Due to the serialized form and extra bookkeeping to compute child-node offset values by backtracking, it looks more complex than it is.

Benchmark timings for tree-building + particle insertion:

Random starting positions and randomly moving, 0 collisions, 20000 particles for 650 timesteps

Y-axis: seconds (initial allocations cause peaks up to 6.75 milliseconds)

X-axis: time step (up to 650th)

Crystalline pattern starting positions and no movement, 0 collisions, 20000 particles

Y-axis: seconds

X-axis: time step

Random start, random movement, 20000 particles, 10000+ collisions each timestep

Y-axis: milliseconds

X-axis: time step

Collisions: start with 15000, rapidly approach 9000 then gradually increase to 14000.
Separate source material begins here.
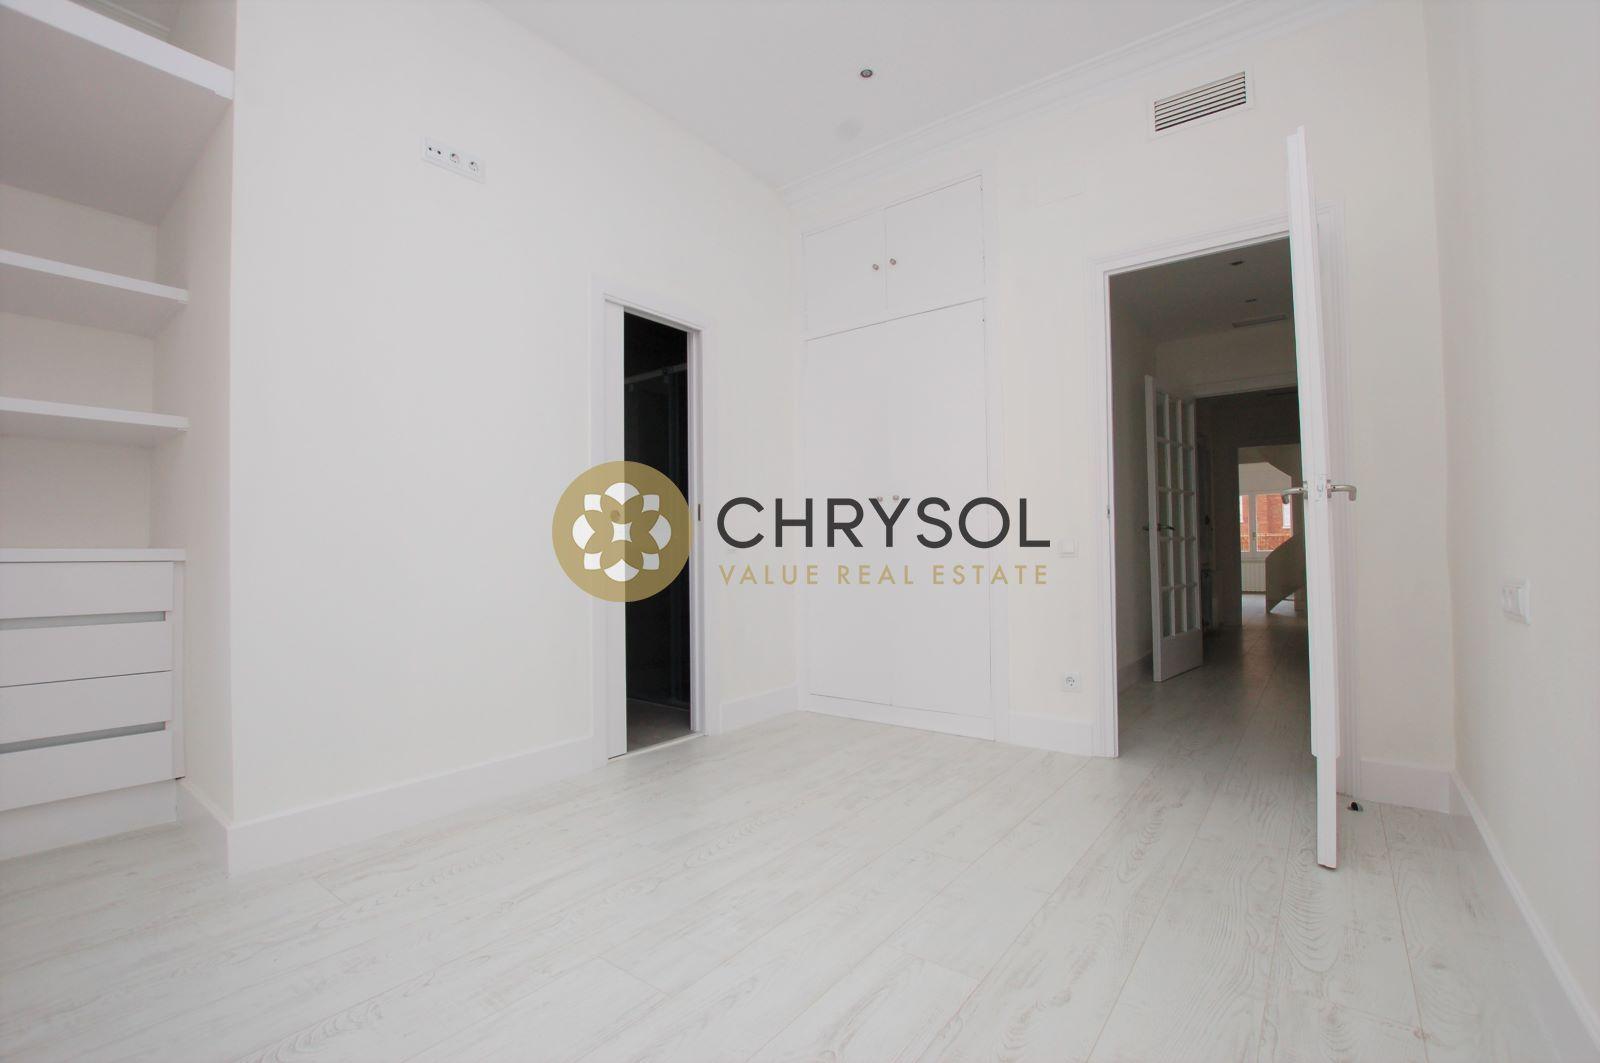 Fotogalería - 21 - Chrysol Value

In random-collision sample with more than half of particles overlapping another particle, tree-build time increases due to increased number of internal tree nodes. On every few hundred timesteps, the build time reaches 9 milliseconds due to sub-optimal tree balance on number of particles versus tree depth. This leaves ~7.7 milliseconds headroom to compute the all-pairs collision.
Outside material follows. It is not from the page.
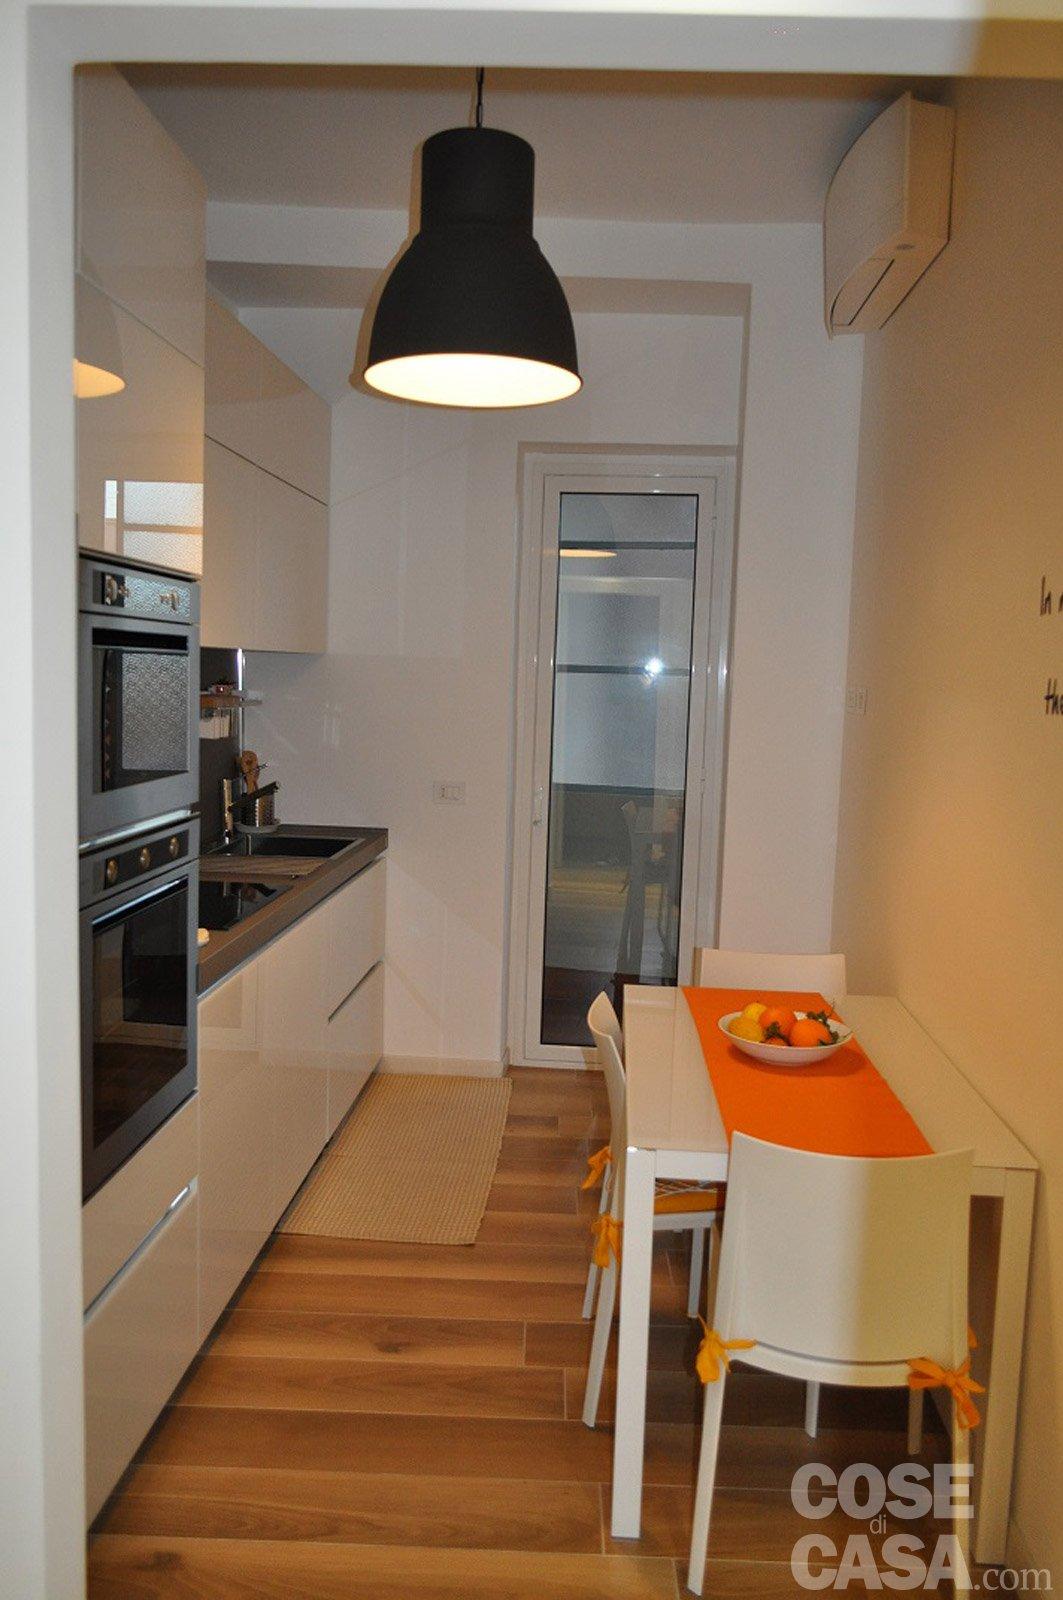 90 mq una casa da vivere in relax cose di casa - Termoarredo per bagno 6 mq ...

To keep run-time of all-pair computations low enough, the implementation limits number of particles per leaf node to 32 and computes each leaf as brute-force using implicitly vectorized code pattern (to be compatible with future processors such as Cascadelake of Intel (please see benchmark results below for AVX512 efficiency)).

All-Pairs Collision Check

Since the particle data is not stored linearly for each leaf node (it was in first challenge) but referenced to orginal particle buffer of root node, a temporary linear storage is required to let compiler vectorize the computations. First, the region of computation (up to 32 particles within each leaf node) is copied to arrays on stack, in struct-of-arrays manner (id values have their own buffer, coordinates have their own buffer). Second, the compute region is divided into smaller chunks (of 4-length each). Lastly, each chunk of 4 elements is compared against all other chunks of 4 elements (except the chunks that make duplicated work). This makes 1 chunk vs chunk comparison for only 4 particles, 2 chunk vs chunk comparisons for 8 particles, 6 chunk vs chunk comparisons for 12 particles, up to 28 chunk comparisons for 32 particles.
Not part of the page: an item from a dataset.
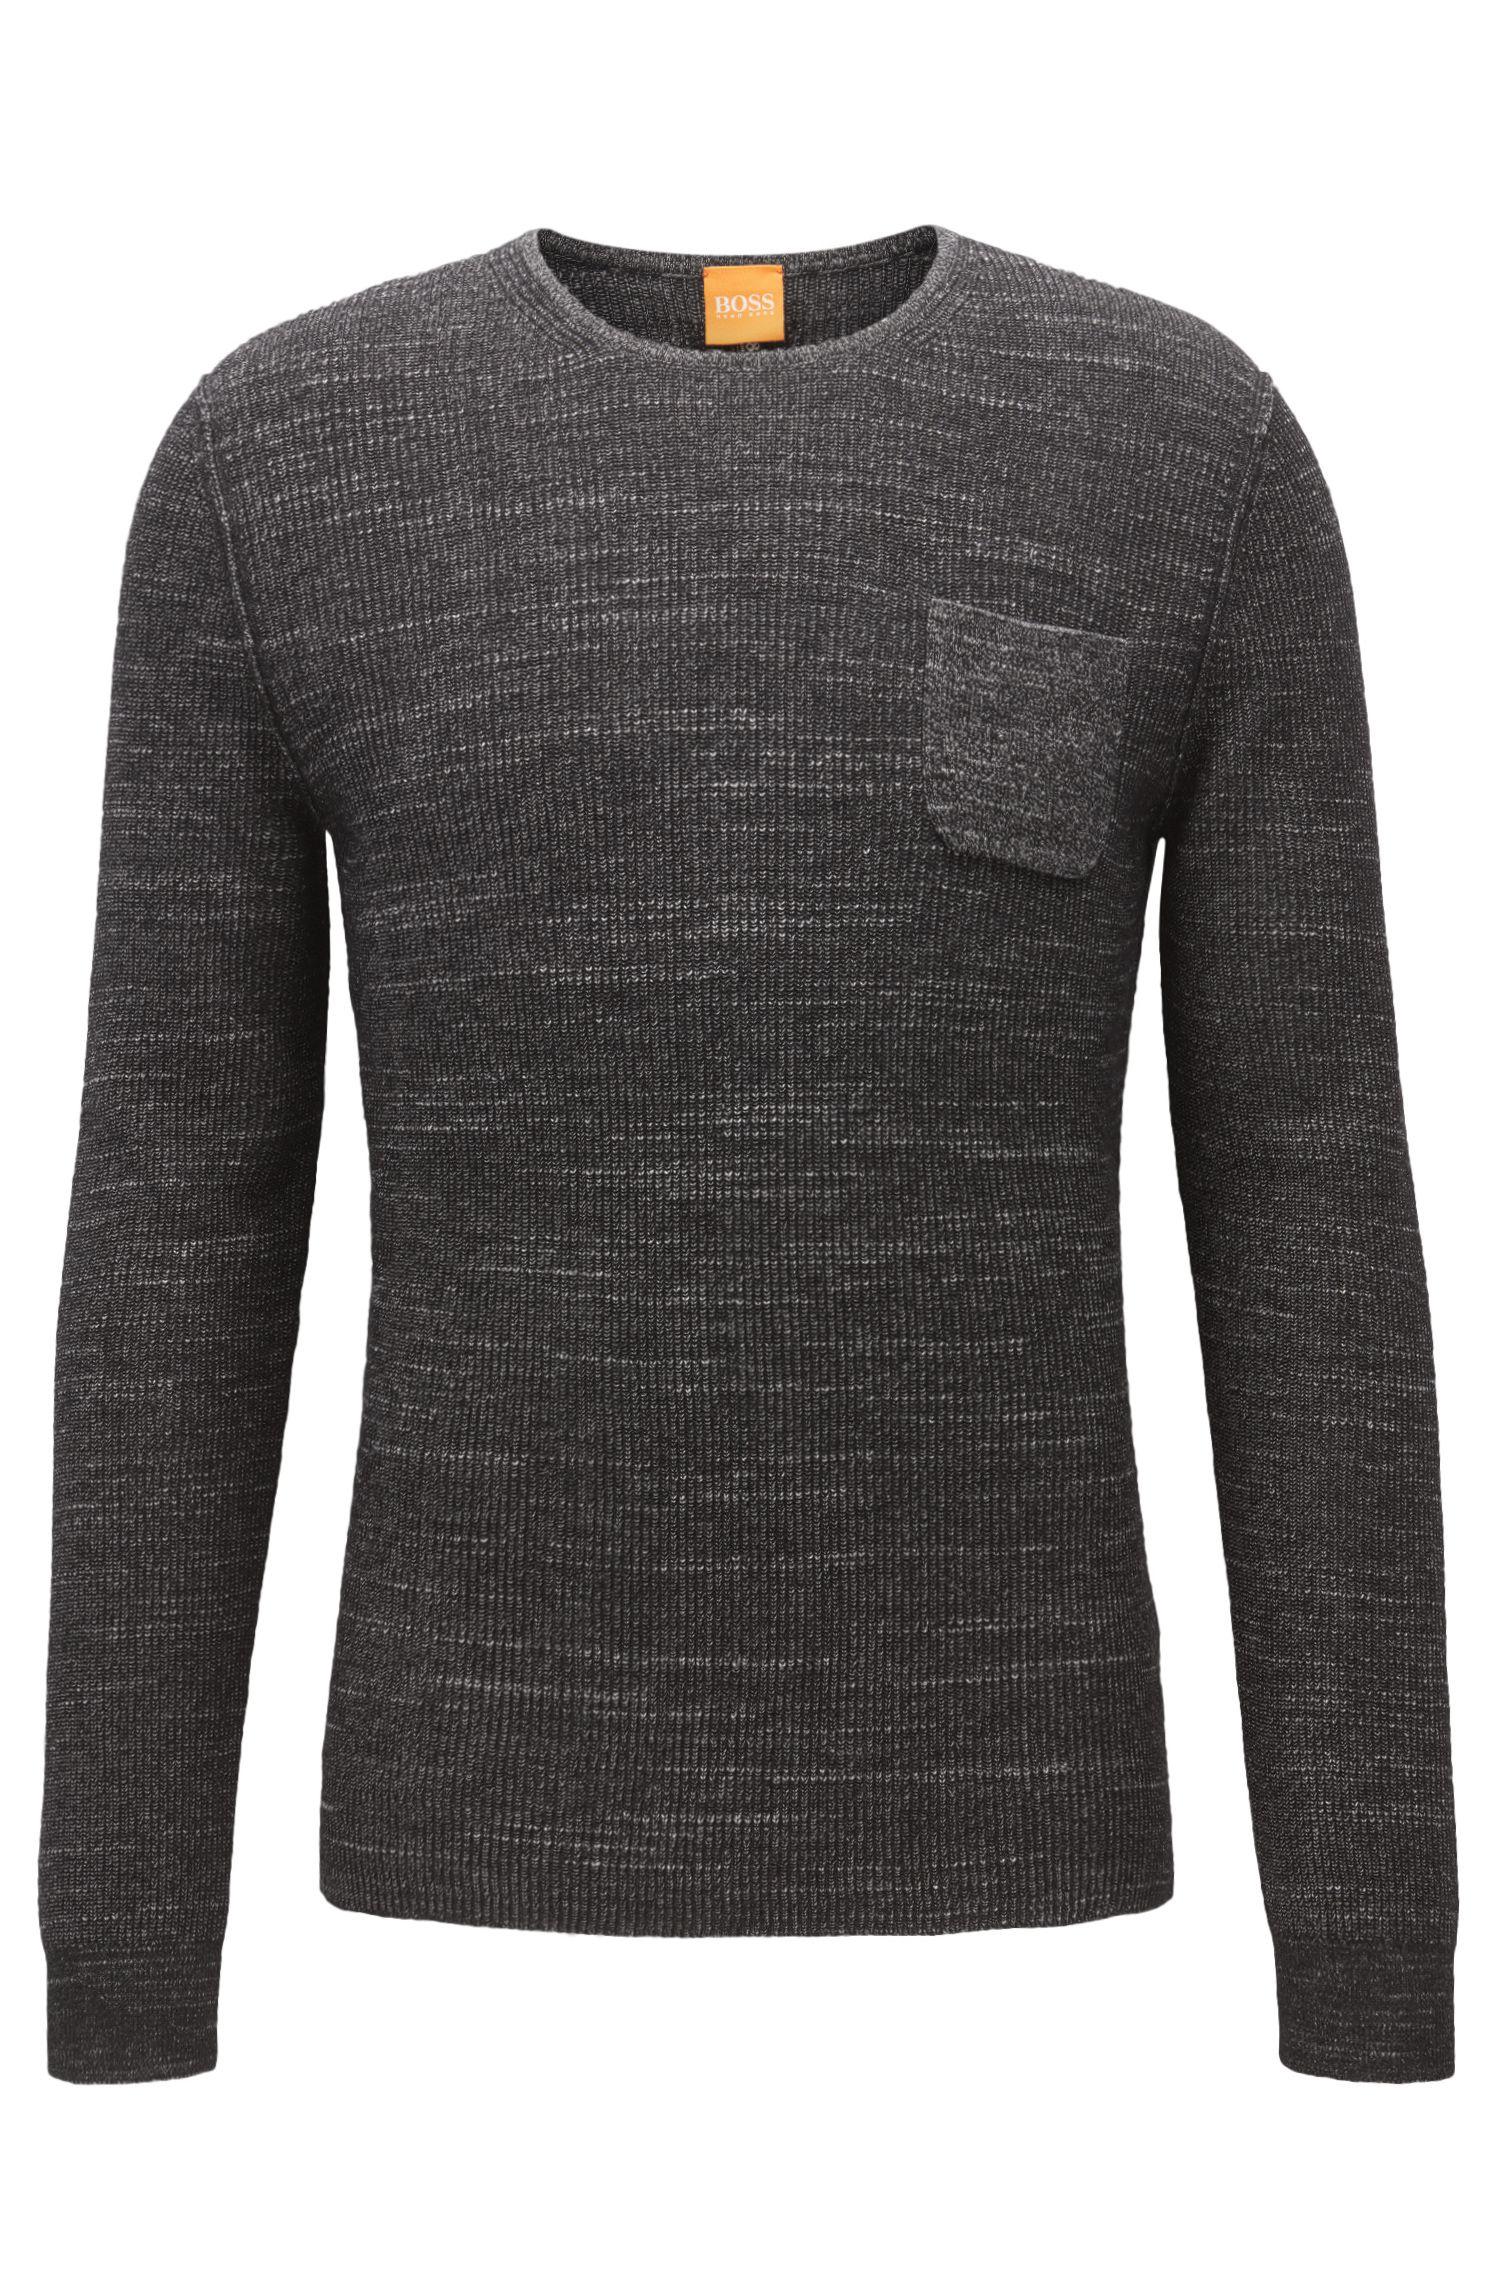 Cotton Blend Sweater | Kutask

Each chunk versus chunk comparison is made by simple ordered operations within their own loops to help compiler find an easy solution for vectorization. It is similar to how CUDA/OpenCL kernels running on warps/wavefronts in lock-step manner, only with difference of 16-wide SIMD support here.

Collision check first does id comparison to mask (in each vectorized chunk) duplicated work within each SIMD operation (and to reduce work required after vectorized computation). Then it does "AND" operation for each coordinate of AABBs to find result per pair. Since all operations are made on 16-wide vectors, the computations can map well enough to any instruction set from MMX to AVX512.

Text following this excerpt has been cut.